Today I went Endo and he stated. "You have Hashi's but there would be no treatment. As you are not Hypothyroid." He order some tests to be sure and I will get those next week. And see him next week.
My goiter got A LOT bigger from last year to this year, I am positive it happened after the CT scan. Also my brother was recently diagnosed with Thyroid Cancer, that may be because he was in the Navy on a nuclear sub. But I don't know either.
Tests ordered today: 
*FREE THYROXINE, FREE T4, 33.00* 
On *5-Sep-2014*

Intent 
*T3 TOTAL [8613]* 
On *5-Sep-2014*

*TSH; THYROID STIMULATING HORMONE, 59.00* 
On *5-Sep-2014*

Intent 
*COSYNTROPIN (ACTH) STIMULATION TEST* 
On *5-Sep-2014*

Recent Tests:

*August 2013*

*Test Name*

*Result*

*Flag*​
*Reference*

*TSH*

*1.30 uIU/mL*

*0.35-5.50*

*Test Name*

*Result*

*Flag*​
*Reference*

*T4; FREE*

*1.10 ng/dL*

*0.61-1.12*

*Test Name*

*Result*

*Flag*​
*Reference*

*Triiodothyronine (T3)*

*109 ng/dL*

*71-180*

*August 2014*

Lipase, Serum

67 U/L

H​
0-59

Thyroid Peroxidase (TPO) Ab

399 IU/mL

H​
0-34

Antithyroglobulin Ab

1.5 IU/mL

H​
0.0-0.9

Thyroxine (T4)

9.6 ug/dL

4.5-12.0

TSH 1.76 uIU/mL 0.35-5.50

I just don't feel this is the right course of action. I have made another appointment for a 2nd opinion in 3 weeks. Am I out of line thinking that I should have some treatment? I don't think he's got or going to get a full picture of me.

What are you thoughts????

Thank you

Calla


----------



## Lovlkn (Dec 20, 2009)

> My goiter got A LOT bigger from last year to this year,


Your TPO is high, your Antithyroglobulin Ab is high, you have symptoms, your FT-4 was high in 2013 .
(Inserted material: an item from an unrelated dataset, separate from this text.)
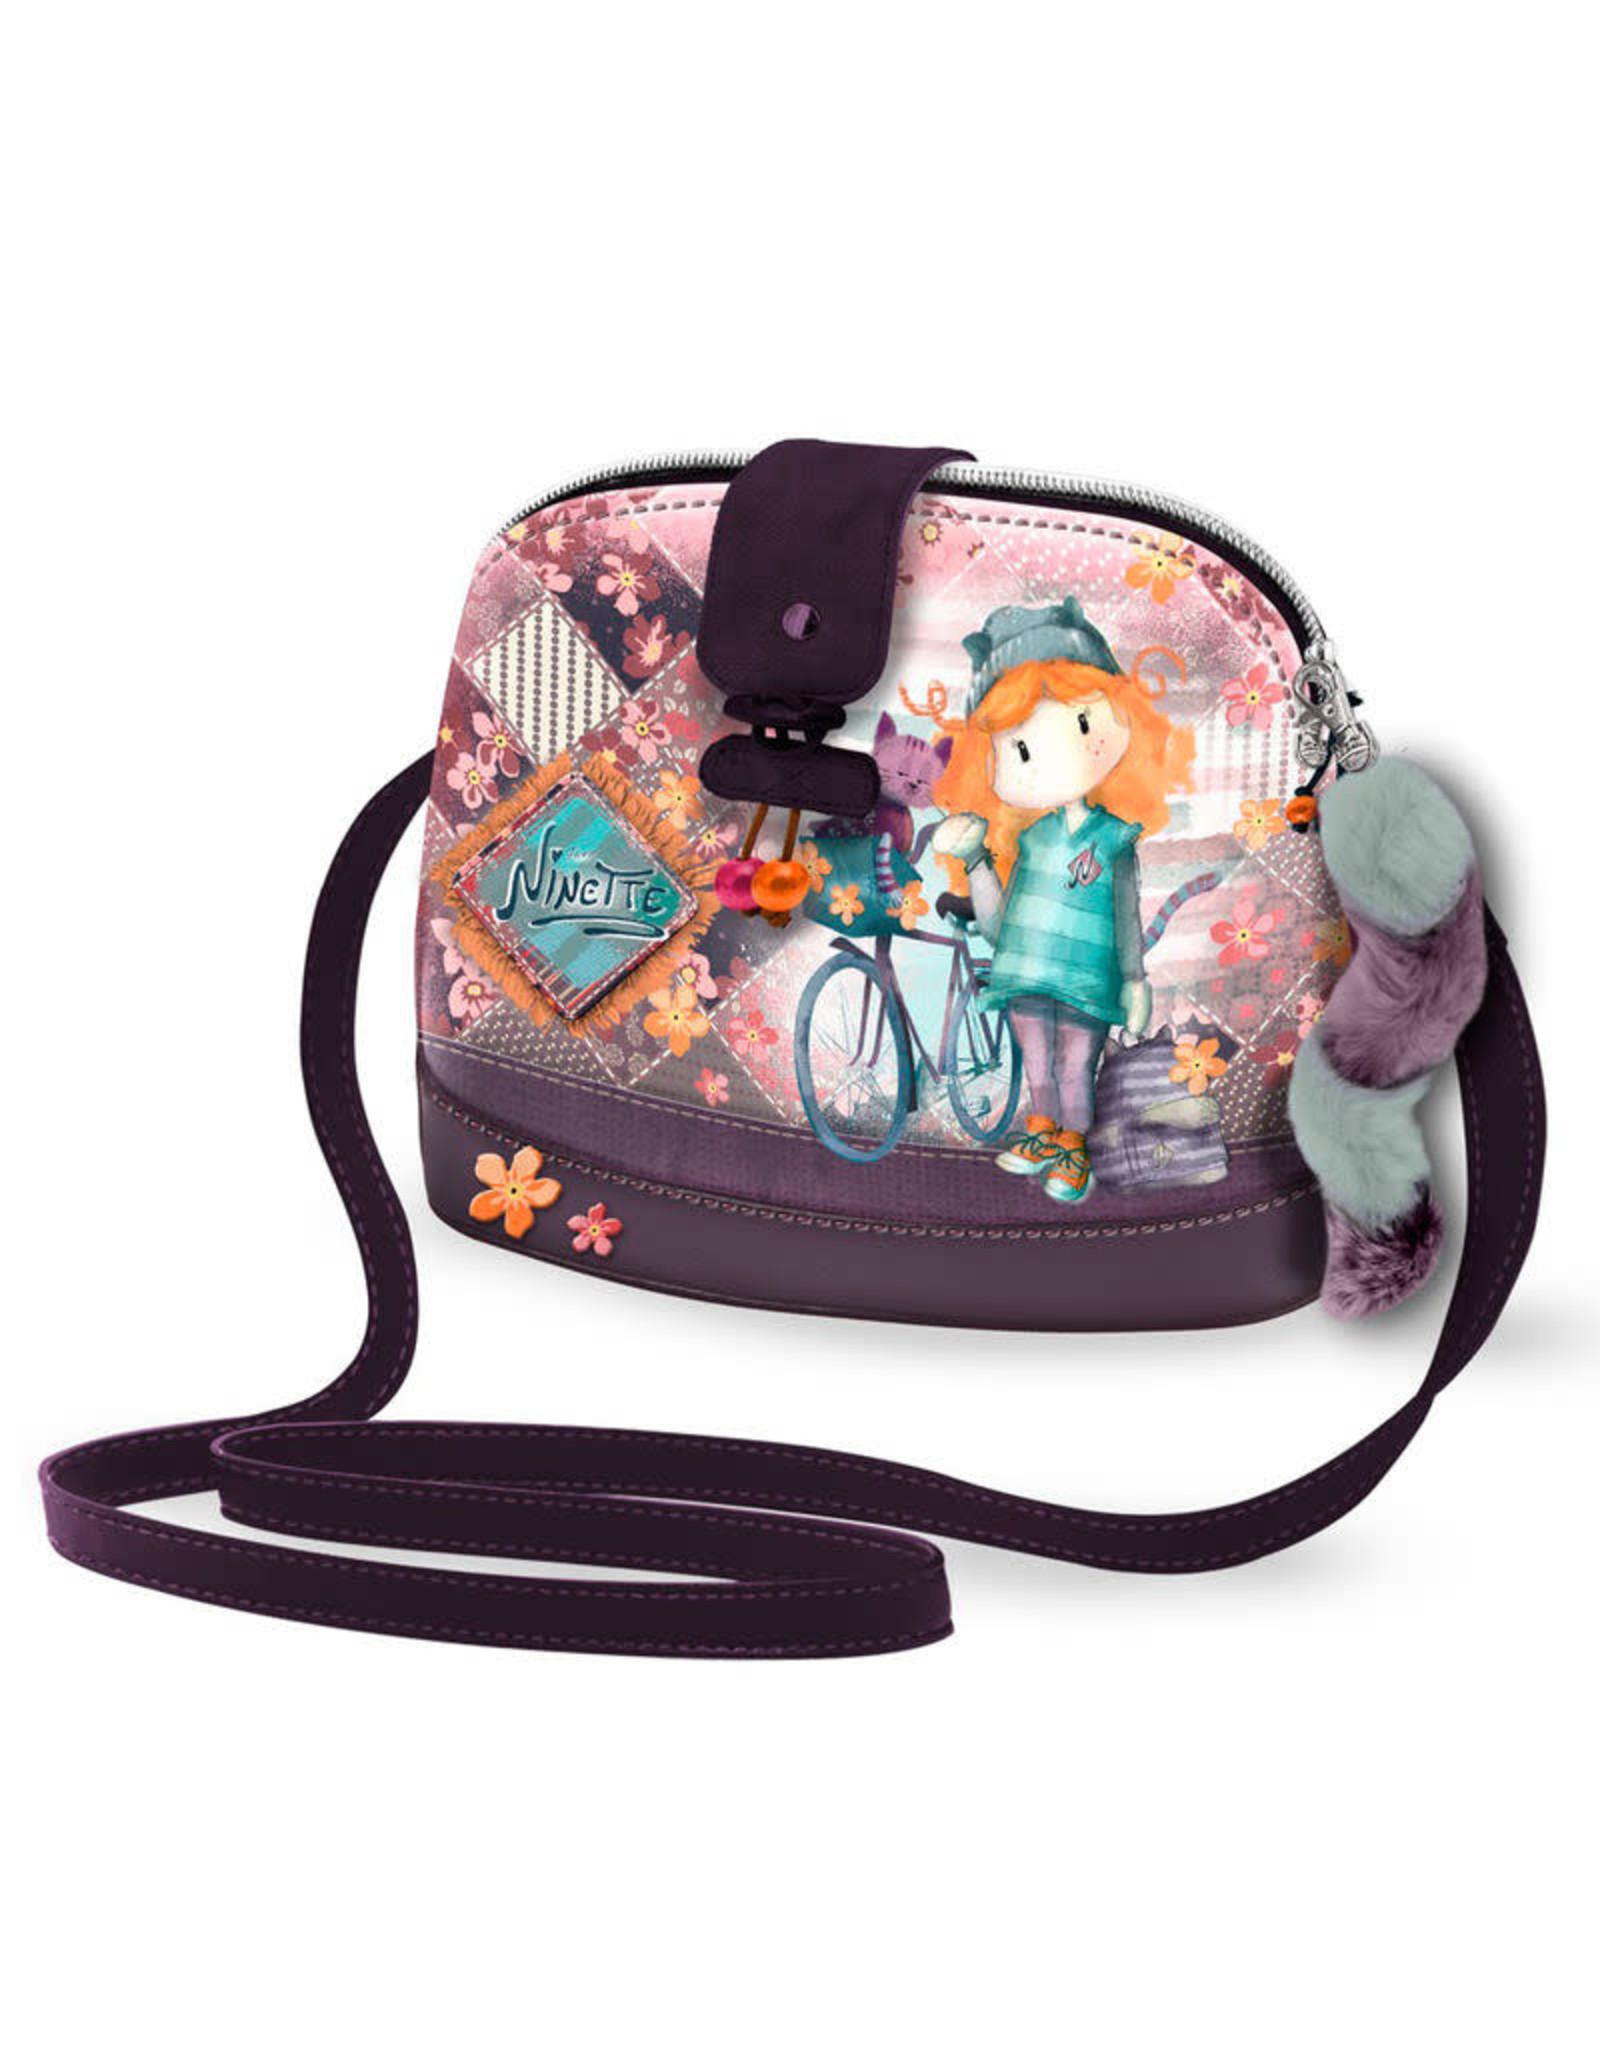 NINETTE Crossbody bag - Bicycle

Something thyroid is definitely happening. You should be requesting a Thyroglobulin to rule out cancer since your thyroid has increased in size and also another sonogram of your thyroid.

Tests you need to start insisting on are FT-4 and FT-3 which will let us know where the unbound thyroid hormone levels are. They will likely always run a TSH along with it. Total 3 gives a good idea but FT-3 is best.

Maybe when your latest labs come back they will be more willing to consider replacement.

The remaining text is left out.